Lowe was one of the many Jazz Hands who never ended up being thought about by the Crabs too much. They were just a bad pitcher they didn’t even really have to plan for, given their pitching with a blindfold meant they never threw accurately. They could win by not exerting much effort, and just let Lowe practically give them the game. The Jazz Hands fans always chanted “Lowe-ded Bases” when they were out there for a reason!

There were rumors of those same fans planning to target the Out of Sight blessing after Agan’s allergic peanut reaction three days prior. It would be a bit of a late push, but one that would’ve sent Lowe off the active roster. In retrospect, Montgomery feels like they should’ve seen this coming. The warning signs couldn’t have been flashing right in front of their face in a brighter blinking neon, forcibly drawing their attention to the impending danger.

Yet, having never been a victim of the Blooddrain weather before, Montgomery didn’t think much of it. Really, they knew that the mystic forces behind this game could make the unlikely happen no matter how peculiar, but being an animated suit of armor, they never thought much about what their blood even felt like.

Players knew it could happen any time in the game. Whenever it rained blood upon the field, it lasted the whole game. The field became a mess to play on which made footwork almost impossible, the ball became soaked which made it impossible to throw, and the blood being from an undetermined source made those with weaker stomachs retch. Montgomery was able to get through these relatively alright due to not having the typical senses, so while in mind, it was still kept more to the back of it, not to be focused on until it finally happened to them.

They knew what it was like to be the one draining from others, and have heard other players describe what it felt like, but they could not have possibly braced for what it felt like to be on the wrong end of this. They would’ve imagined it’d be the inverse of the power gain they felt from siphoning others, yet anything further would’ve been a mystery. As they found out thanks to Lowe, having your blood forcibly drained from you against your will is actually pretty terrifying.

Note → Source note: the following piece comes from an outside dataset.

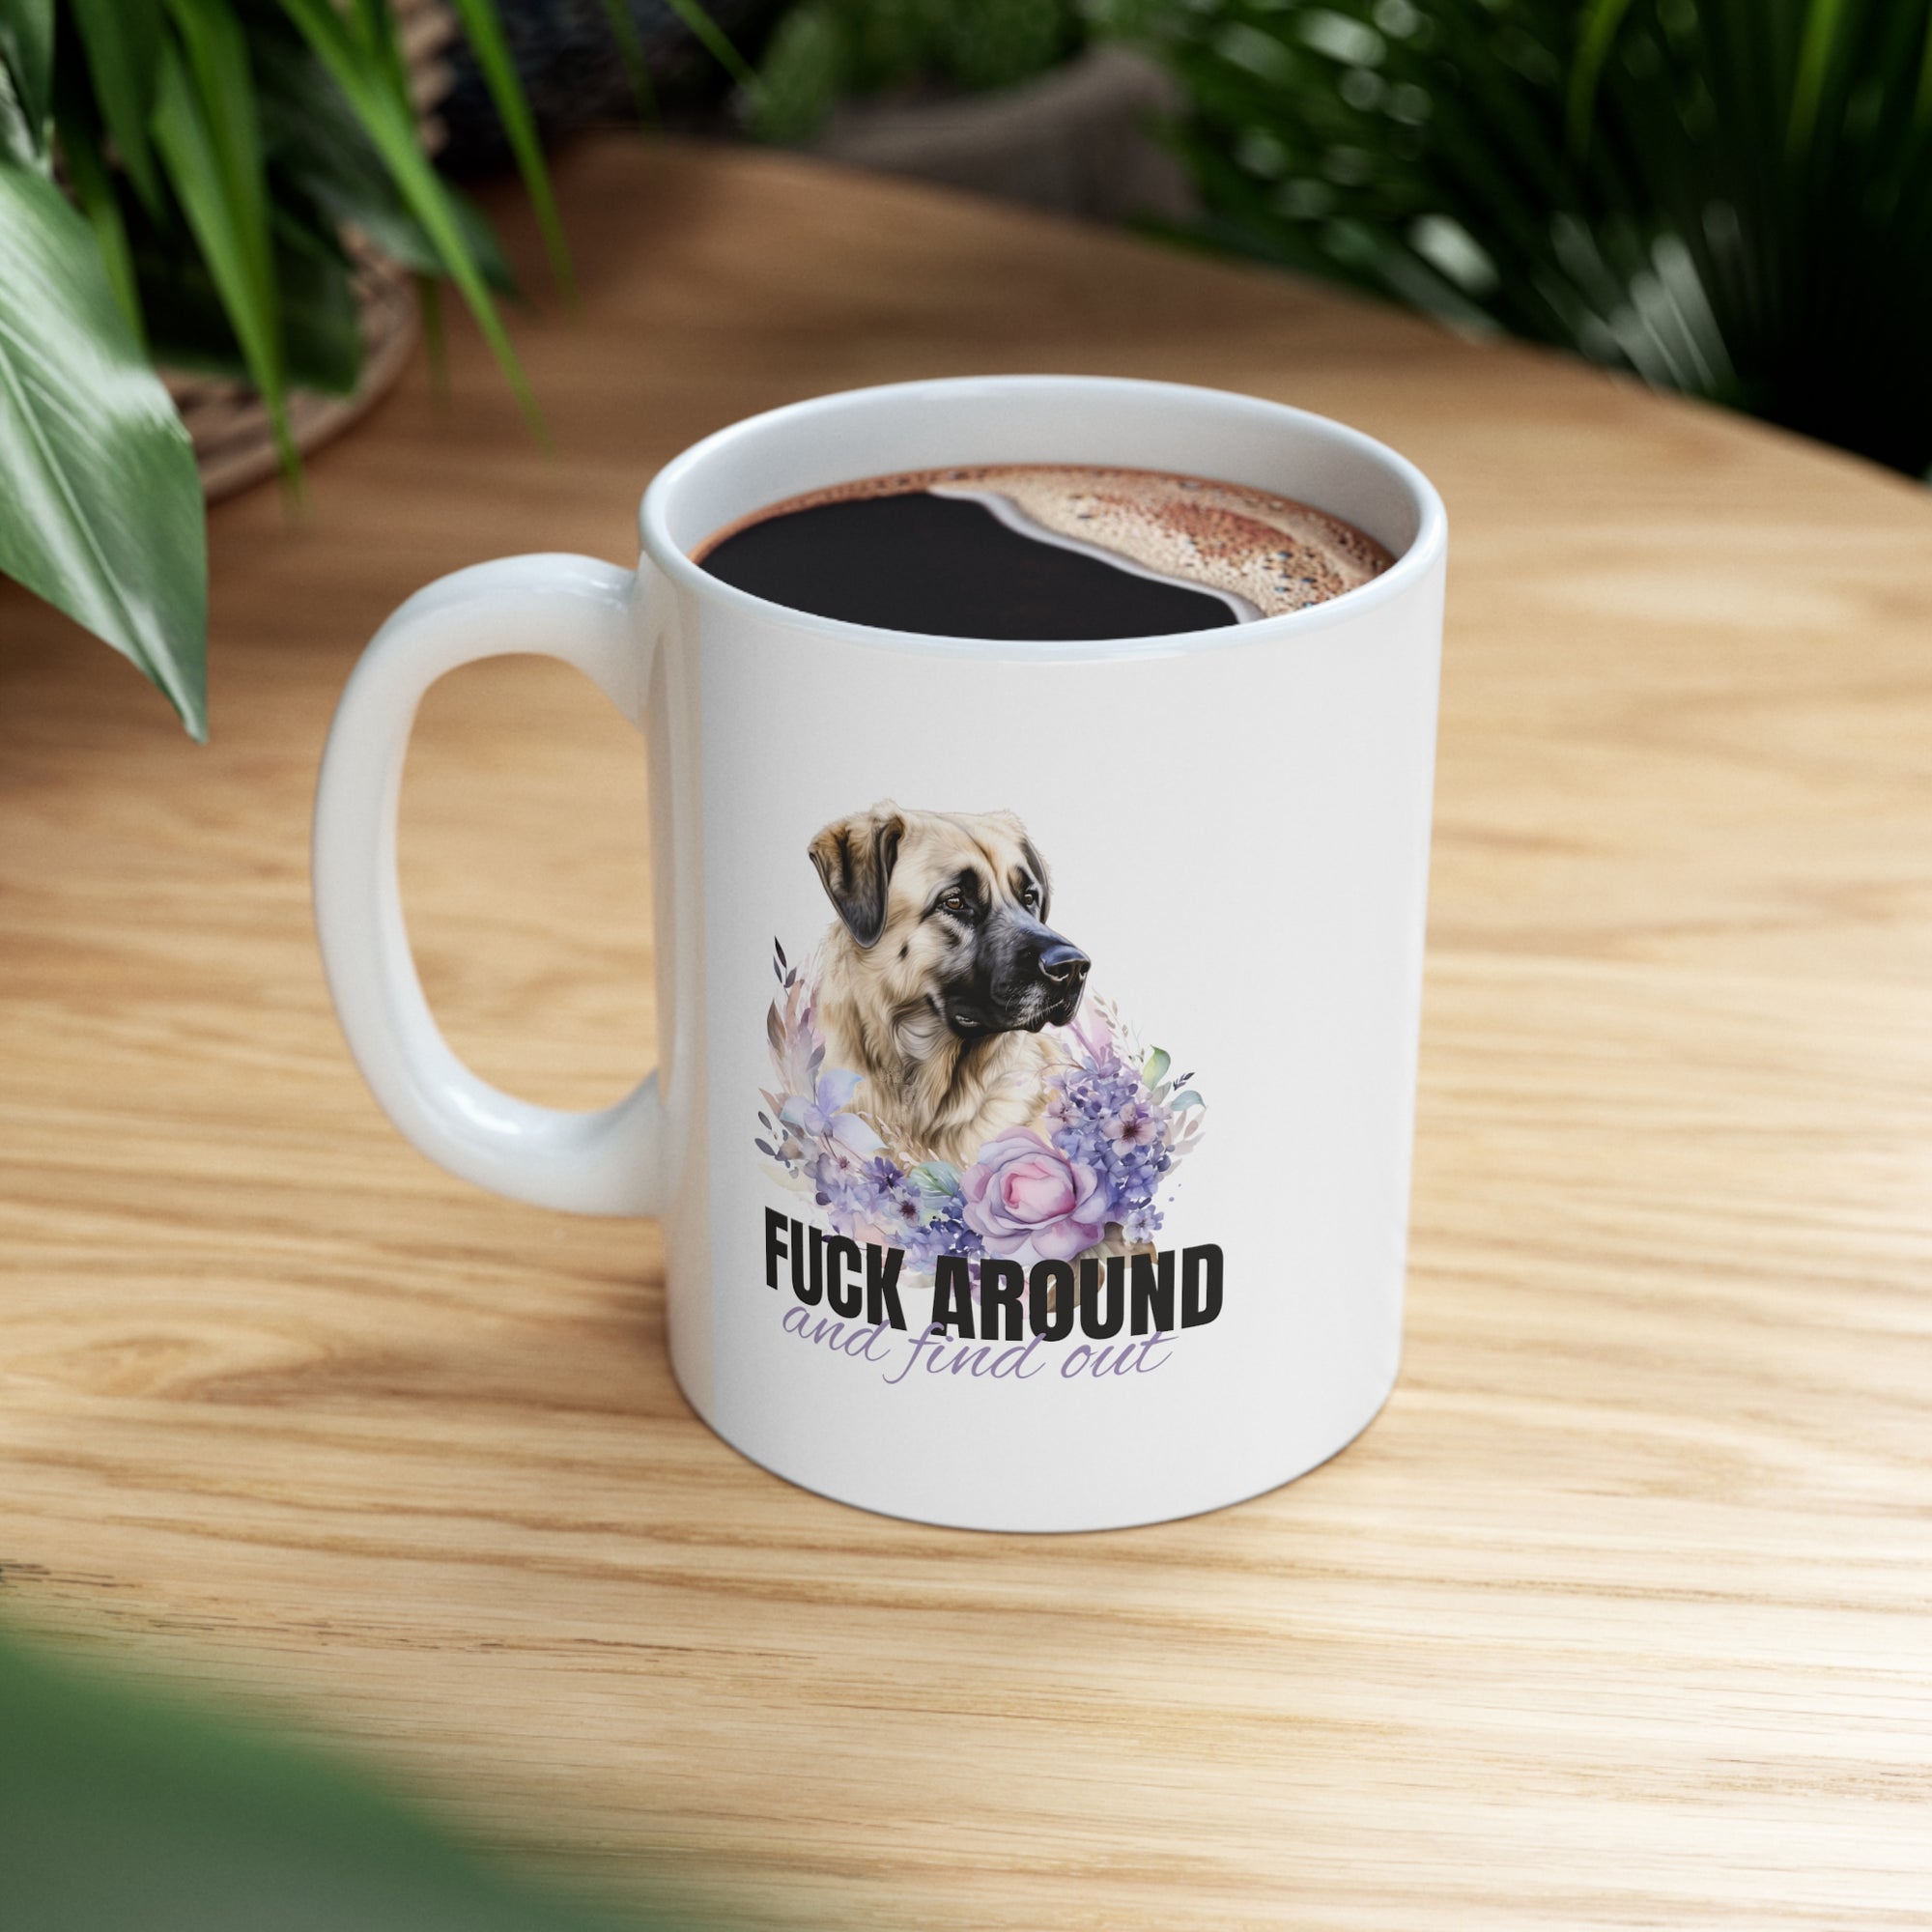 Fuck Around and Find Out Anatolian Shepherd Dog Coffee Mug

It all happened within an instant, a crack of thunder roared through the stadium as Lowe kept the same grin they always did, before a torrential downpour inexplicably blasted onto them and Montgomery. The suit of armor rattled, their seaweed managed to instinctively curl like the frightened clasped limbs of a human, they internally heard screams. Oh the screams of a petrified population. Due to the suit’s mystical connection with the population of Maryland’s Montgomery County, they all felt it to an extent as well, and their reactions were amplified straight back to the suit.

With that many people, there were bound to be enough for Montgomery to finally understand what it felt like to have one of those weaker stomachs. They would have if the suit was capable of vomiting, but since it couldn’t it could only feel an extremely unpleasant feeling where a person's mouth would typically be. It wouldn’t go away, leaving Montgomery feeling disoriented and nauseous, preventing them from being able to yell out their anguish without making it worse.

Despite it feeling like an eternity, the drain ended almost as quickly as it started. The field was still being flooded with blood from above, yet Lowe was done within only a few seconds, keeping the same smile they always did, while play resumed on. It had to, so the other Baltimore players couldn’t check on just how shaken Montgomery was until the game ended.

The only visible change was a slouched posture, nothing like their metal rusting or armor parts falling off, so on the surface they seemed as fine as they could have been from an event like that. However, this left them alone within their headspace, perturbed by what they just went through, the coldness of their armor and the lack of warmth any blooded animal has suddenly far more present.